Task directions: As output, give the exact lines from the one containing "U2 świętuje 20-lecie kultowego albumu" through the end of the listing below, both included, without the pictures.

Given information:
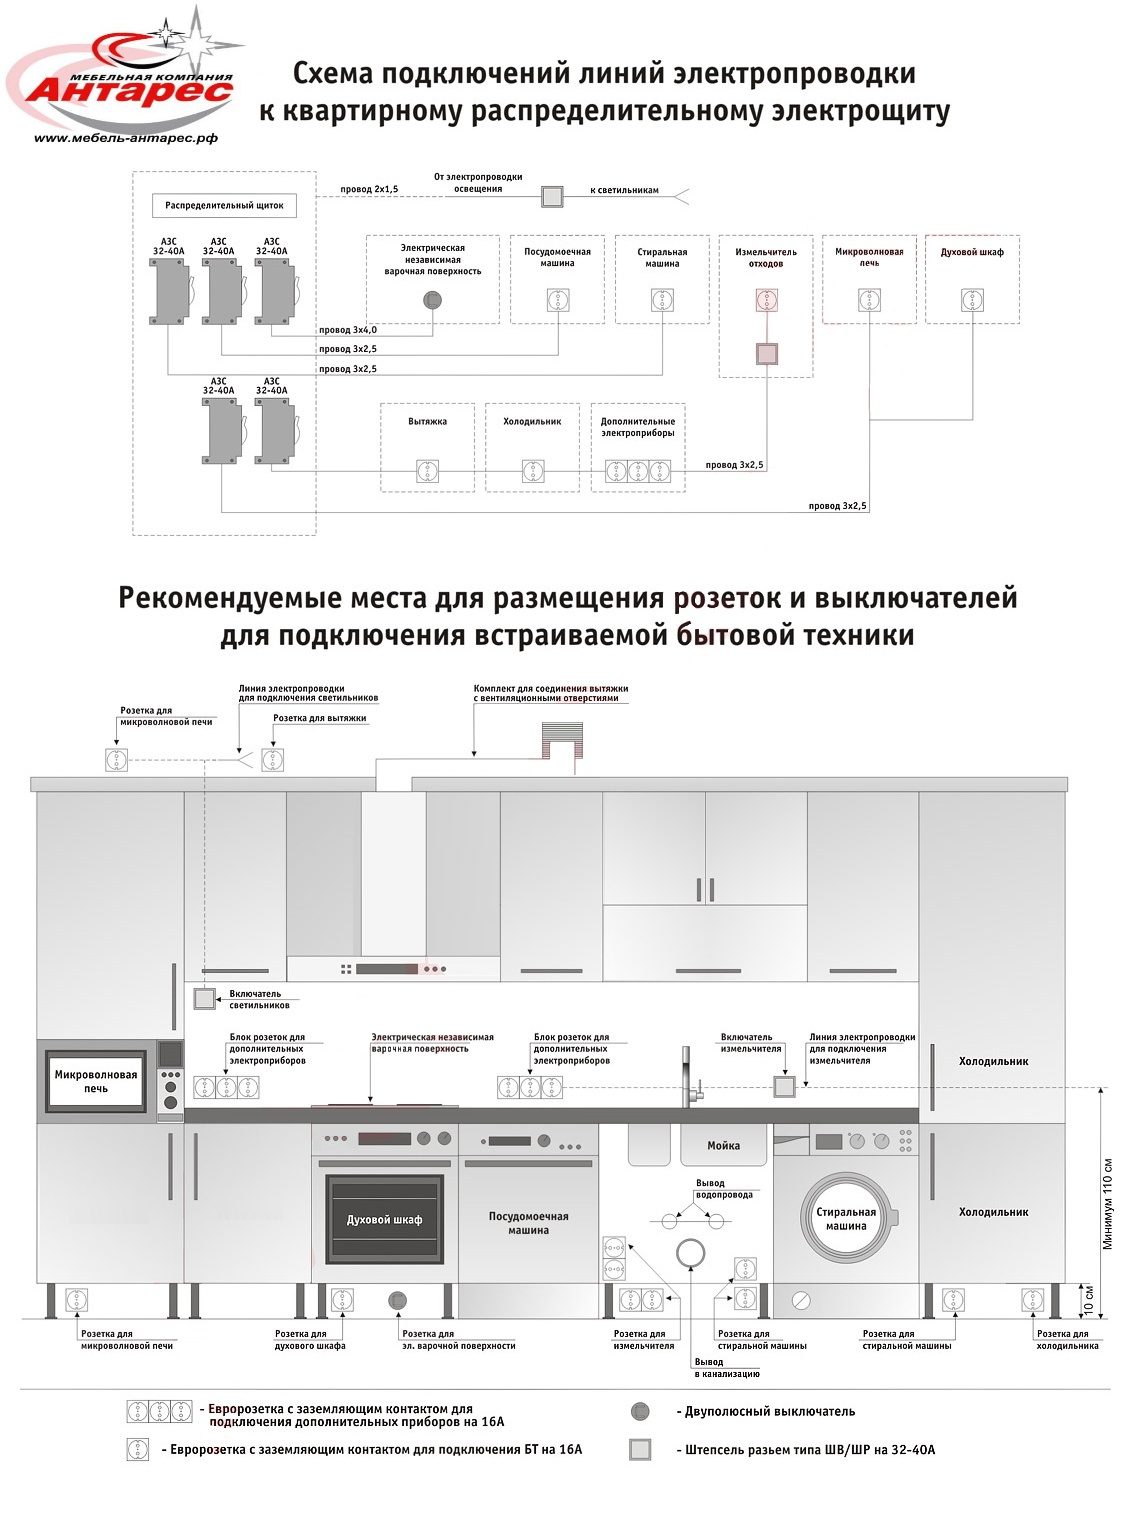 Схема кухонной электропроводки для подключения бытовой техники
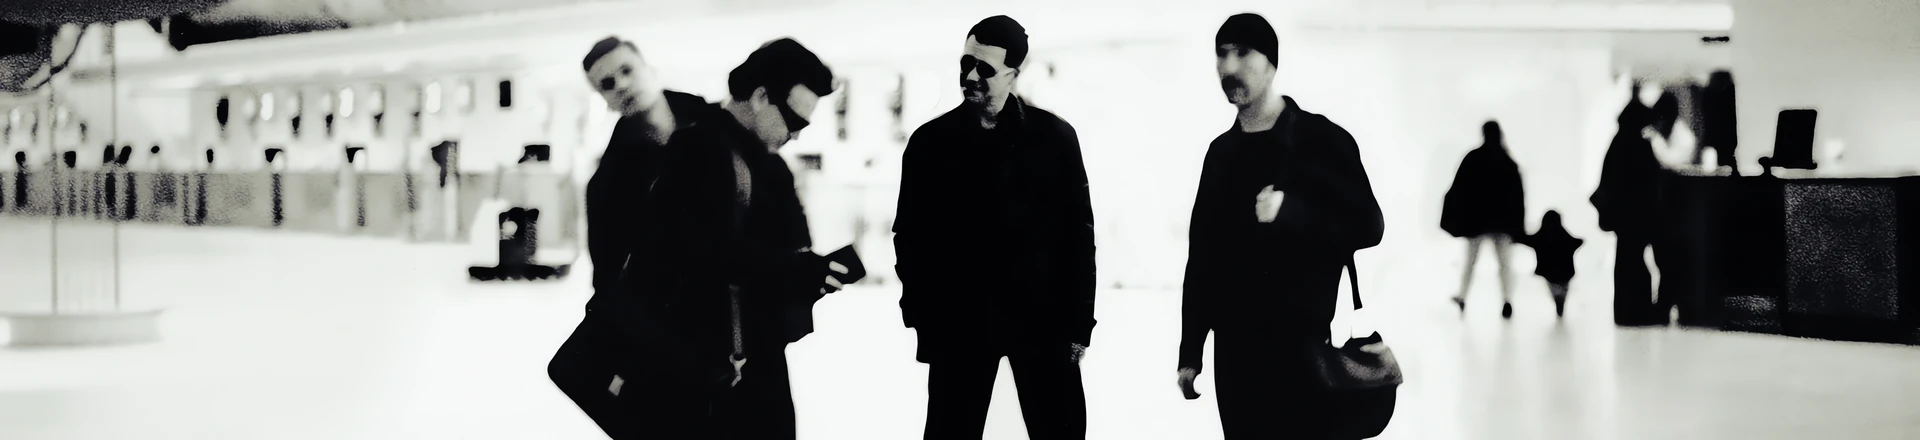 U2 świętuje 20-lecie kultowego albumu
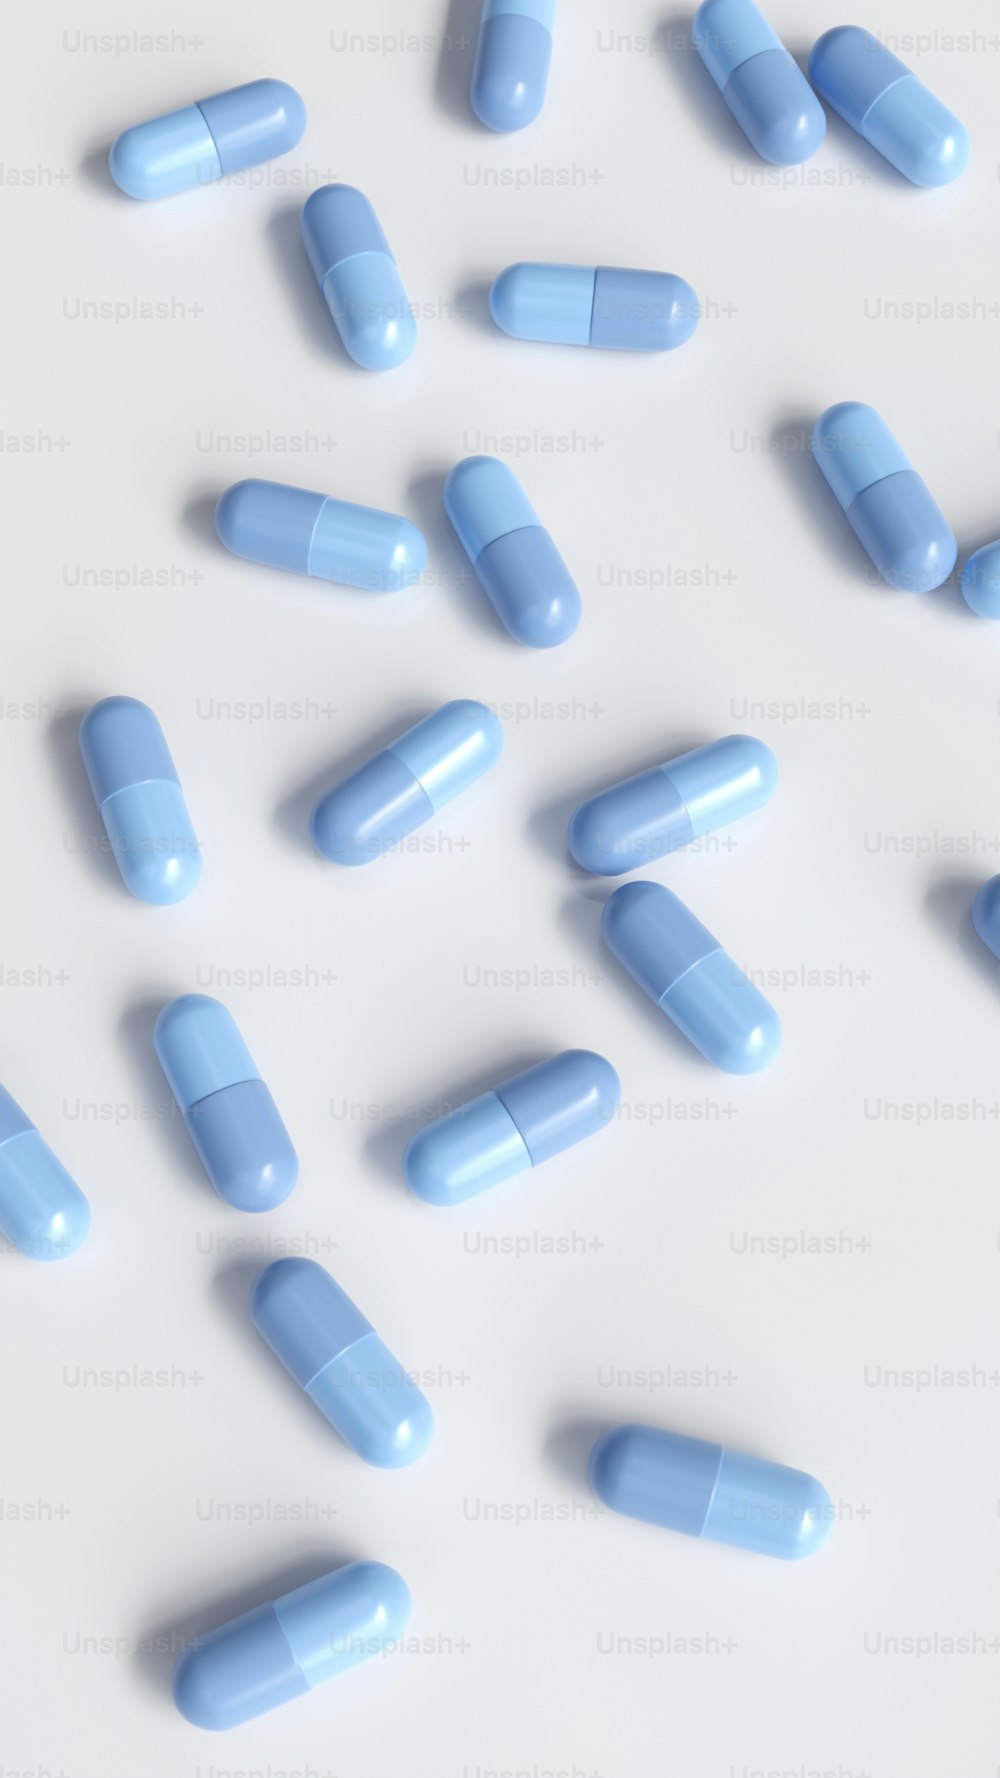 pílulas azuis estão espalhadas em uma superfície branca

Result of this task:
 U2 świętuje 20-lecie kultowego albumu
 pílulas azuis estão espalhadas em uma superfície branca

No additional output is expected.